▶ **Goal of the exercise**:
Retype the data below exactly, skipping pictures.

▶ **Information shown**:
======

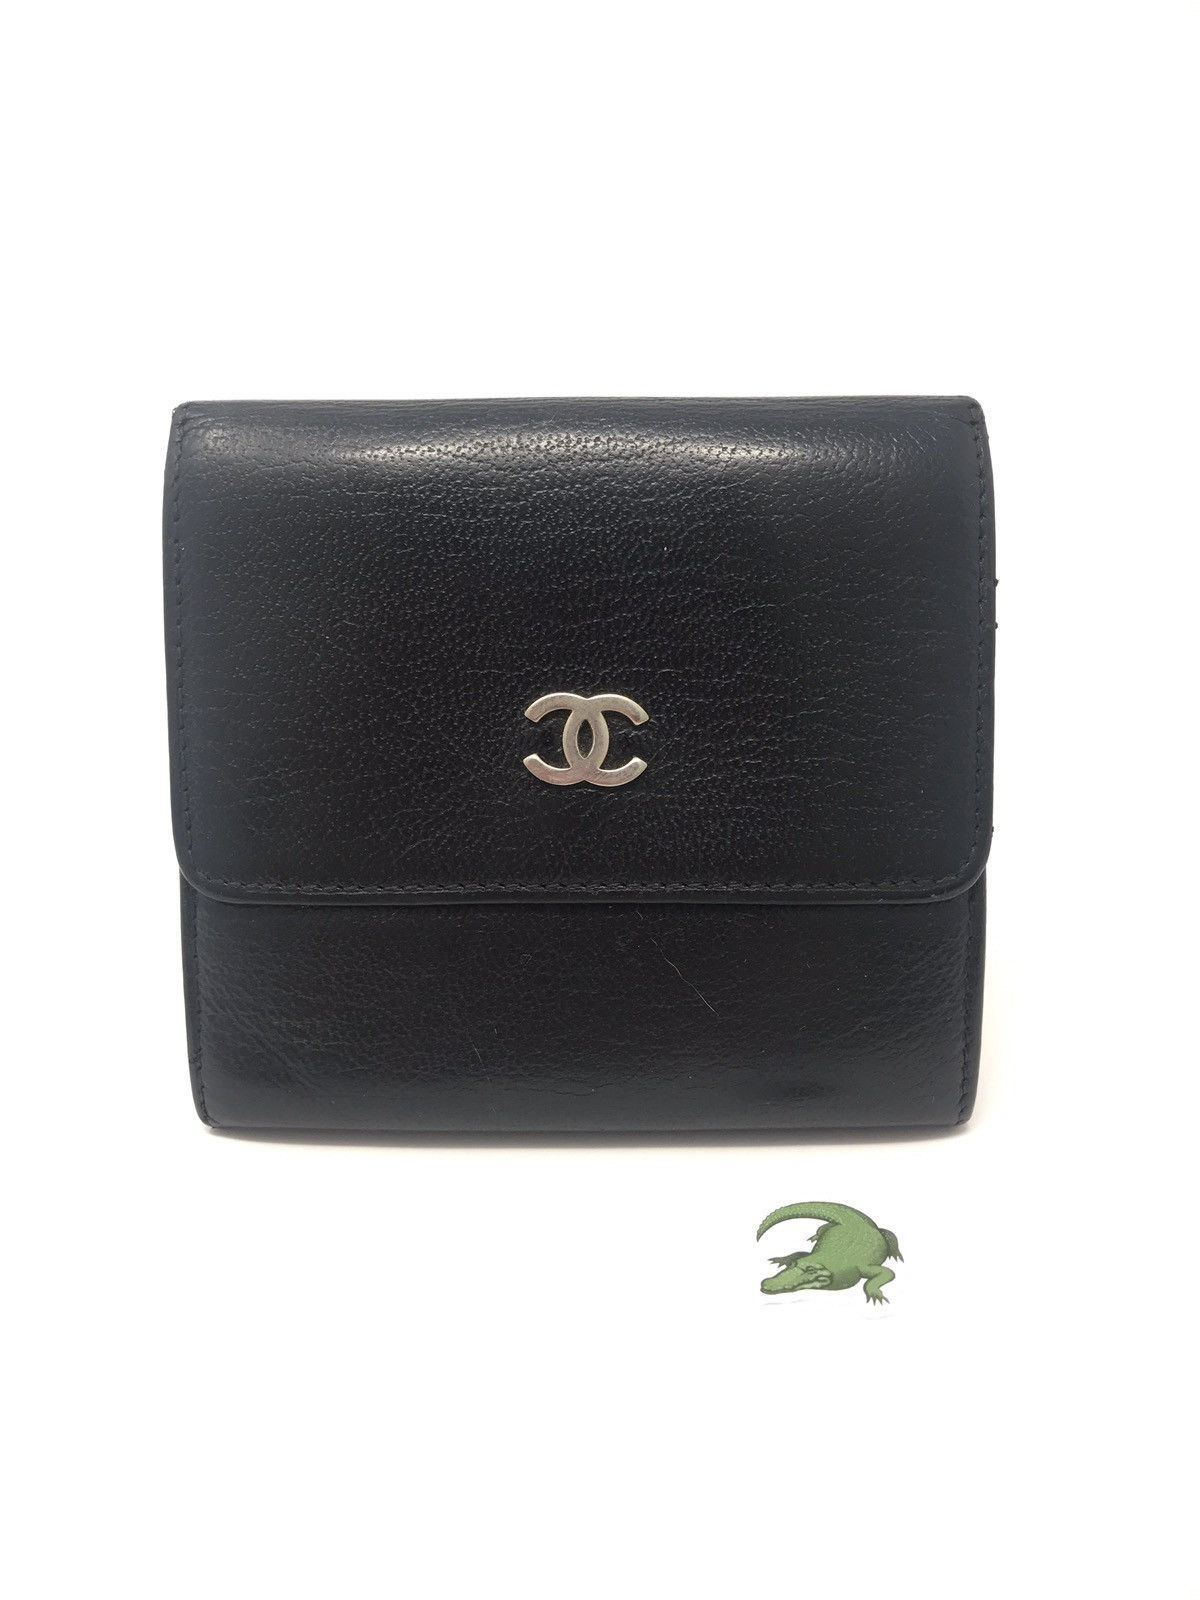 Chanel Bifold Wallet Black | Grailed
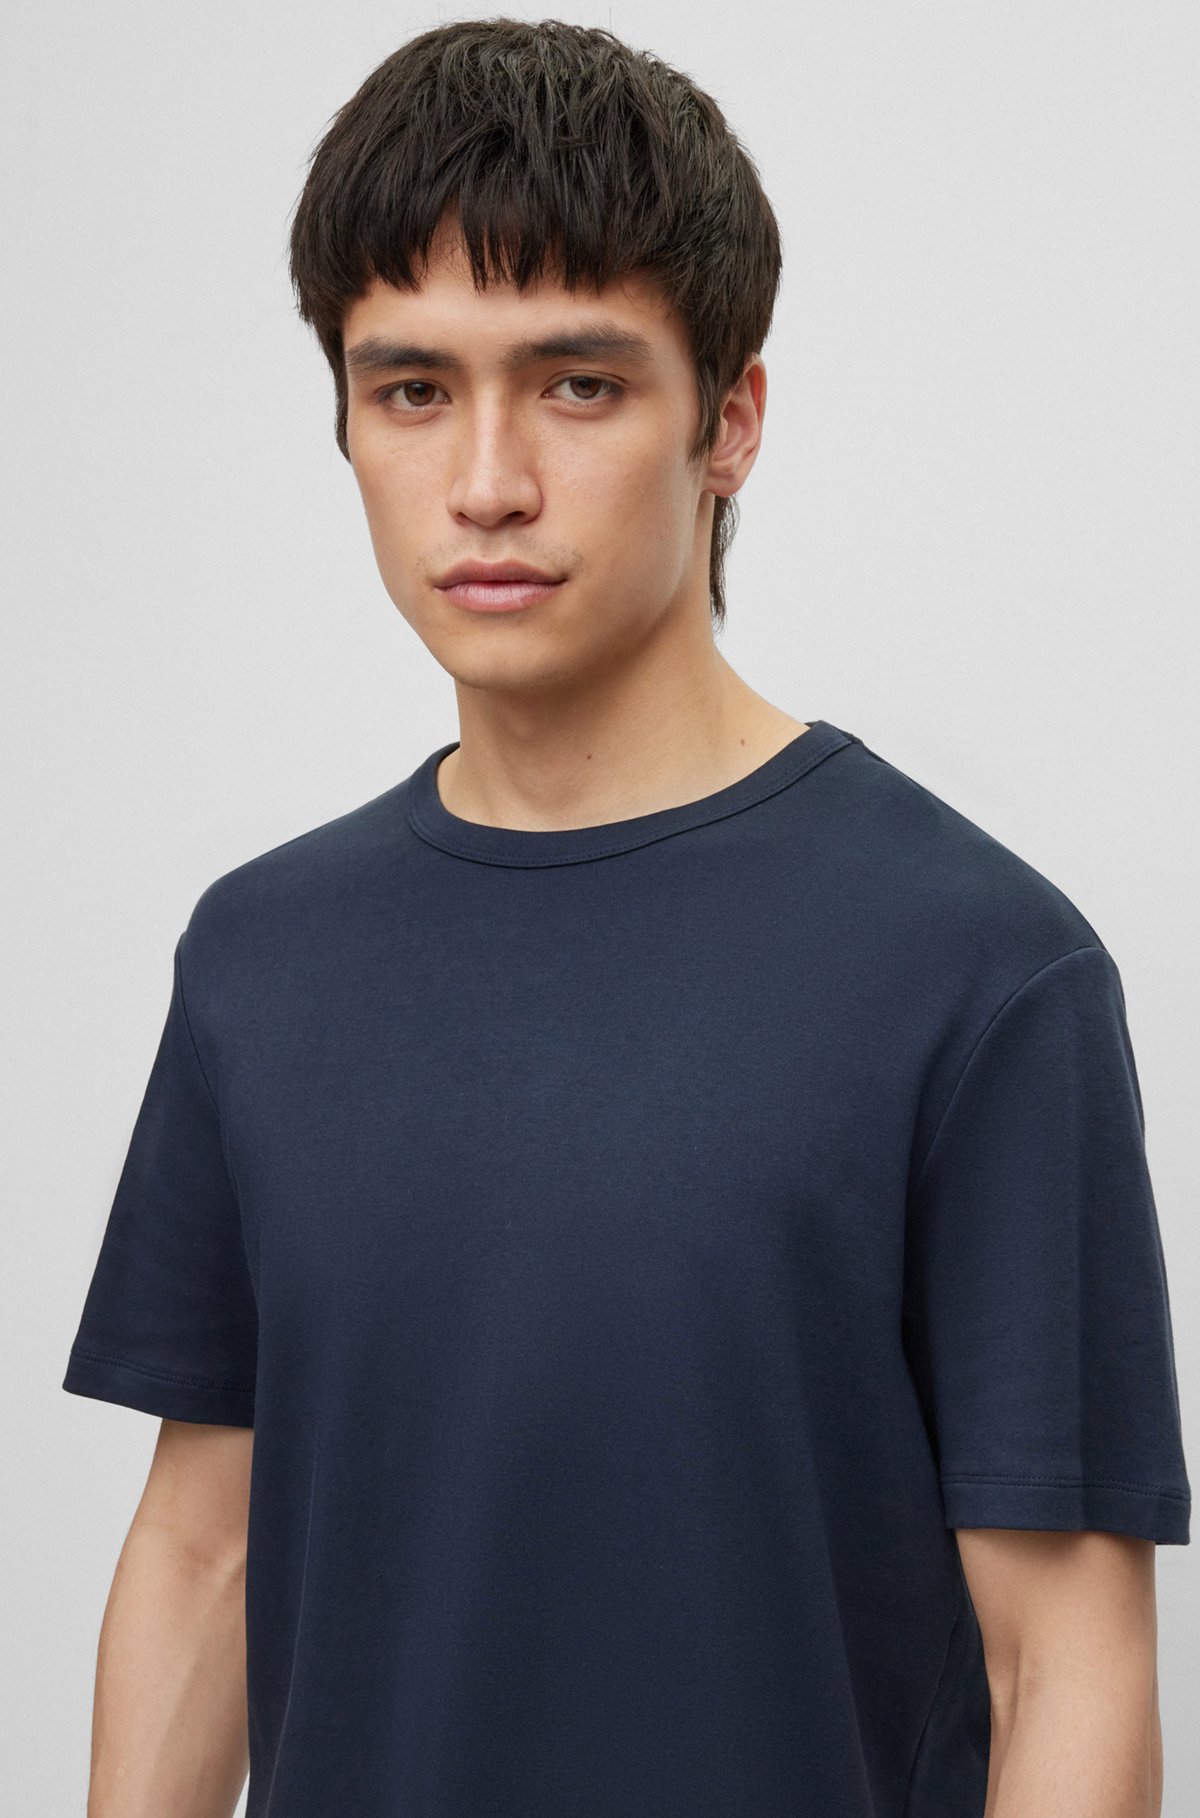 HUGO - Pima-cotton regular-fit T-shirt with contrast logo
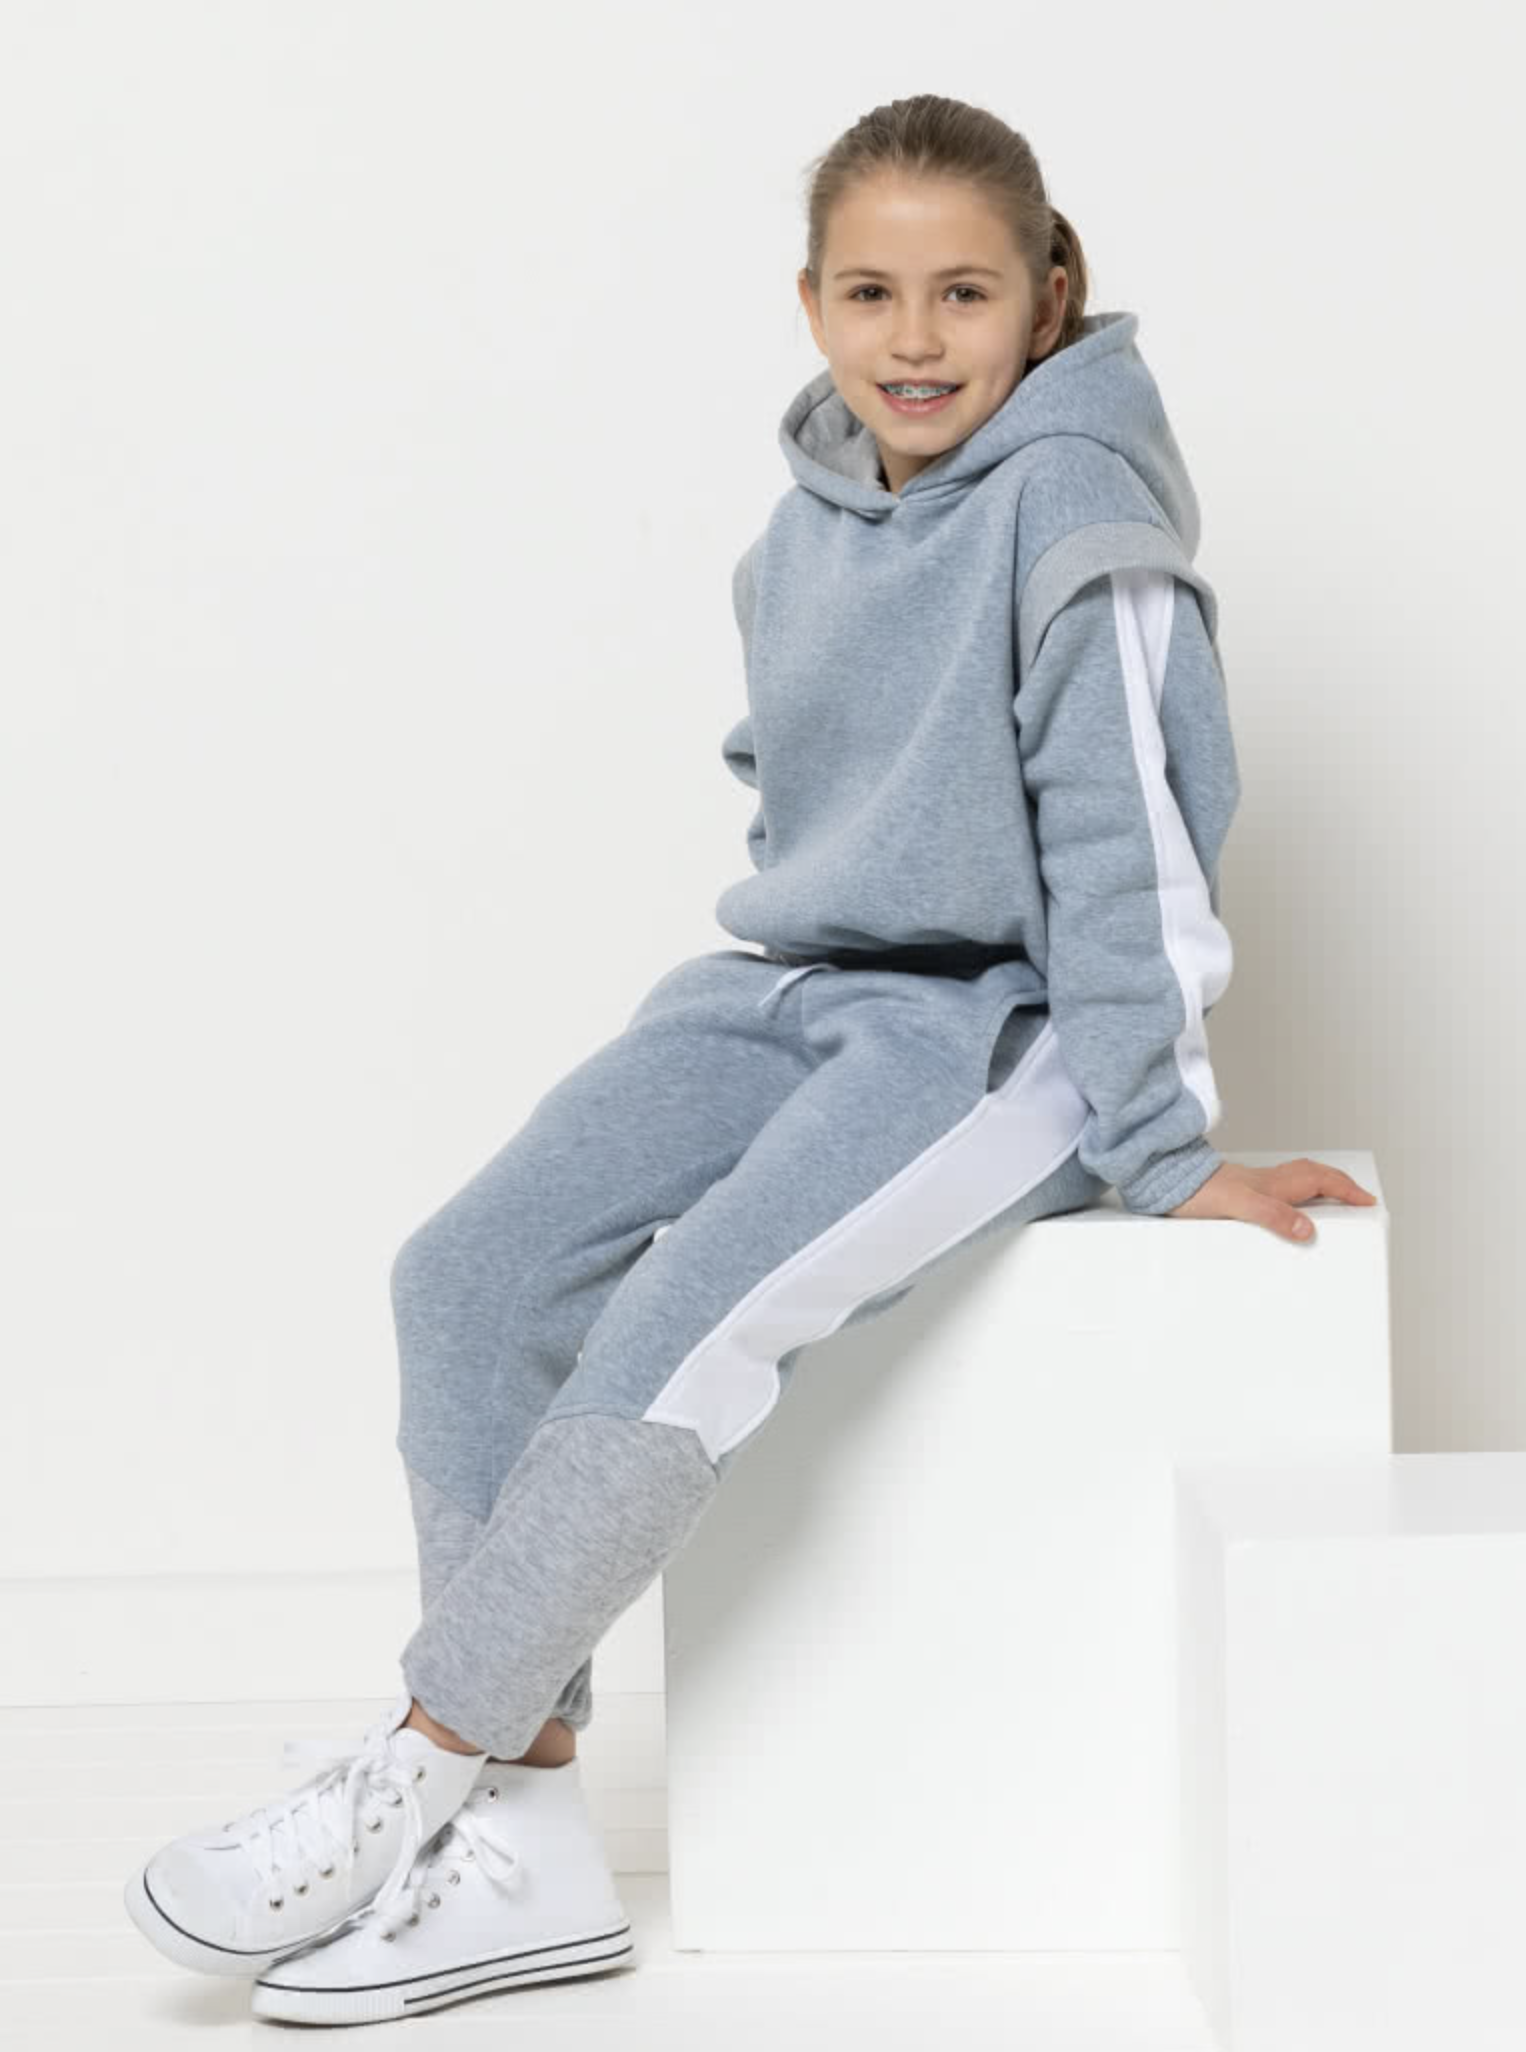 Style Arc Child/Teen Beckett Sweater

======

▶ **Your response**:
 Chanel Bifold Wallet Black | Grailed
 HUGO - Pima-cotton regular-fit T-shirt with contrast logo
 Style Arc Child/Teen Beckett Sweater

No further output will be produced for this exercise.